§ **Task item**
The line containing "Passeio de barco pela baía de Santander" and every line after it, through the end of the material: copy these exactly and nothing else, leaving pictures out.

§ **Provided material**
....................

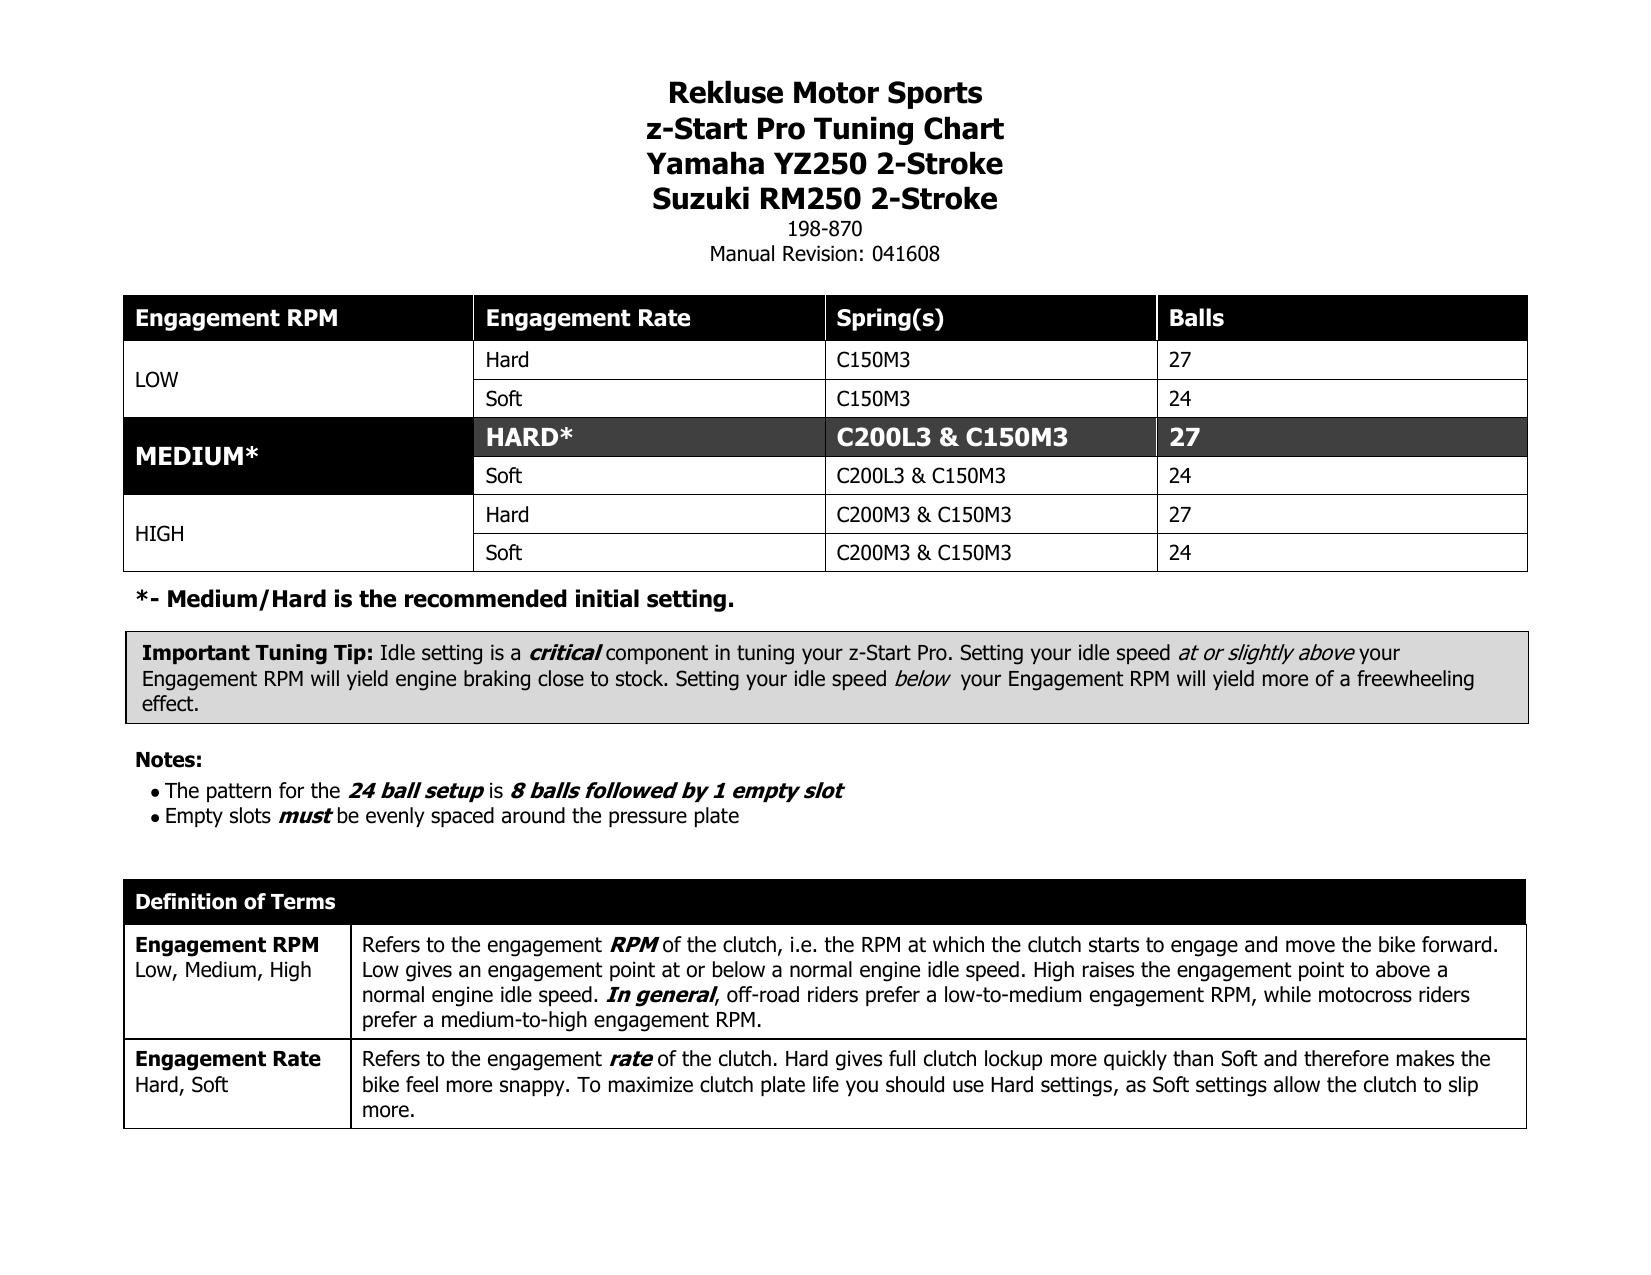 Rekluse Motor Sports z-Start Pro Tuning Chart Yamaha YZ250 2
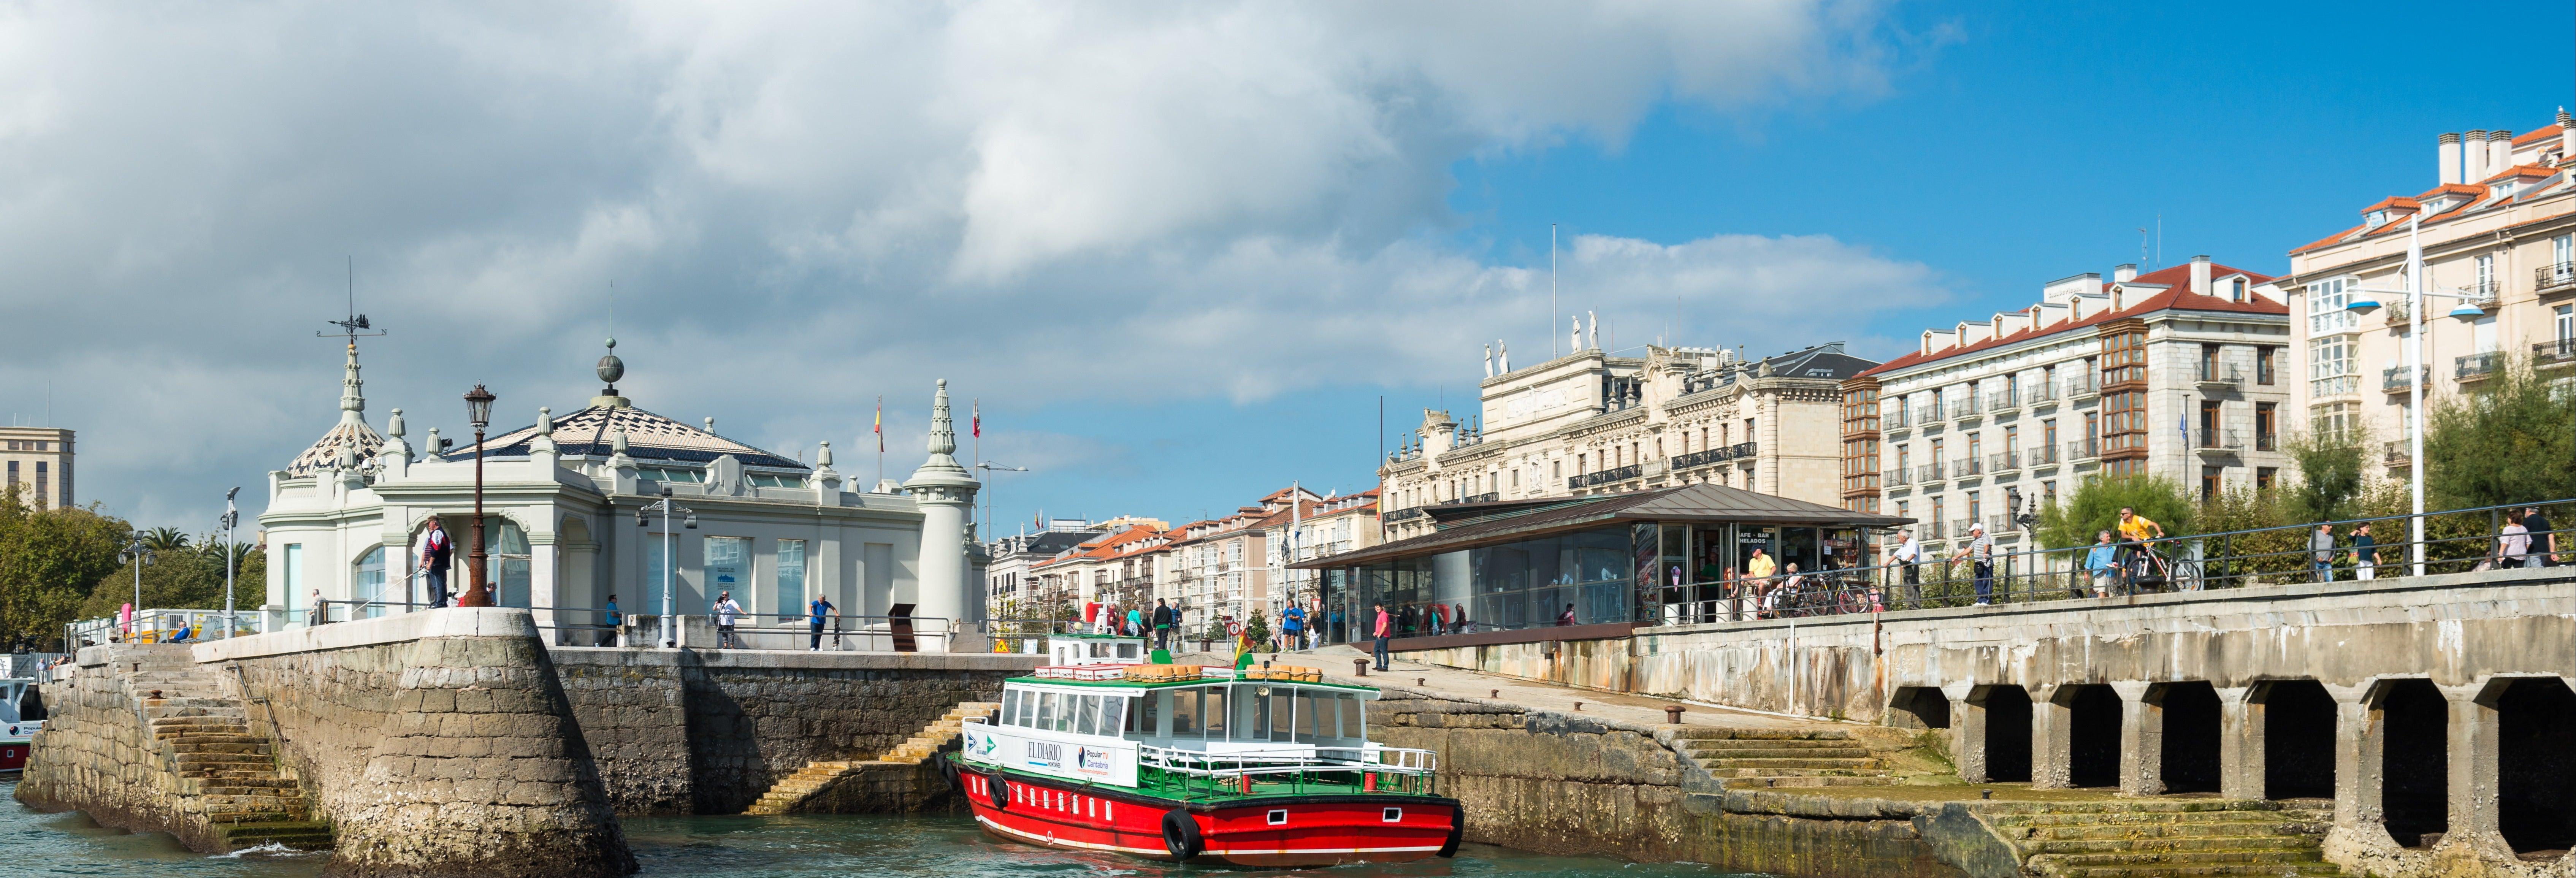 Passeio de barco pela baía de Santander
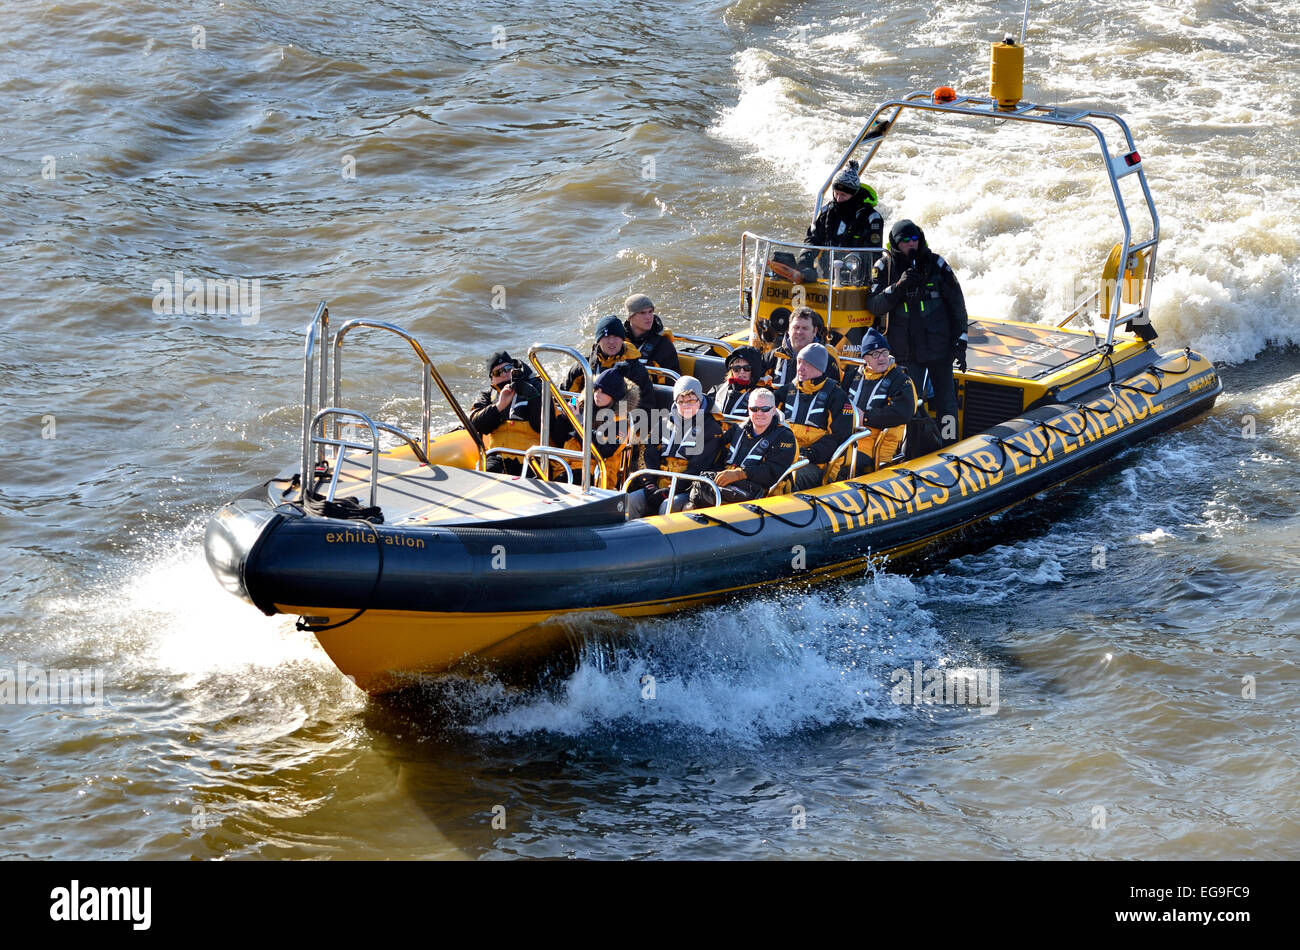 london-england-uk-tourists-on-an-inflata

....................

§ **Output of the exercise**
 Passeio de barco pela baía de Santander
 london-england-uk-tourists-on-an-inflata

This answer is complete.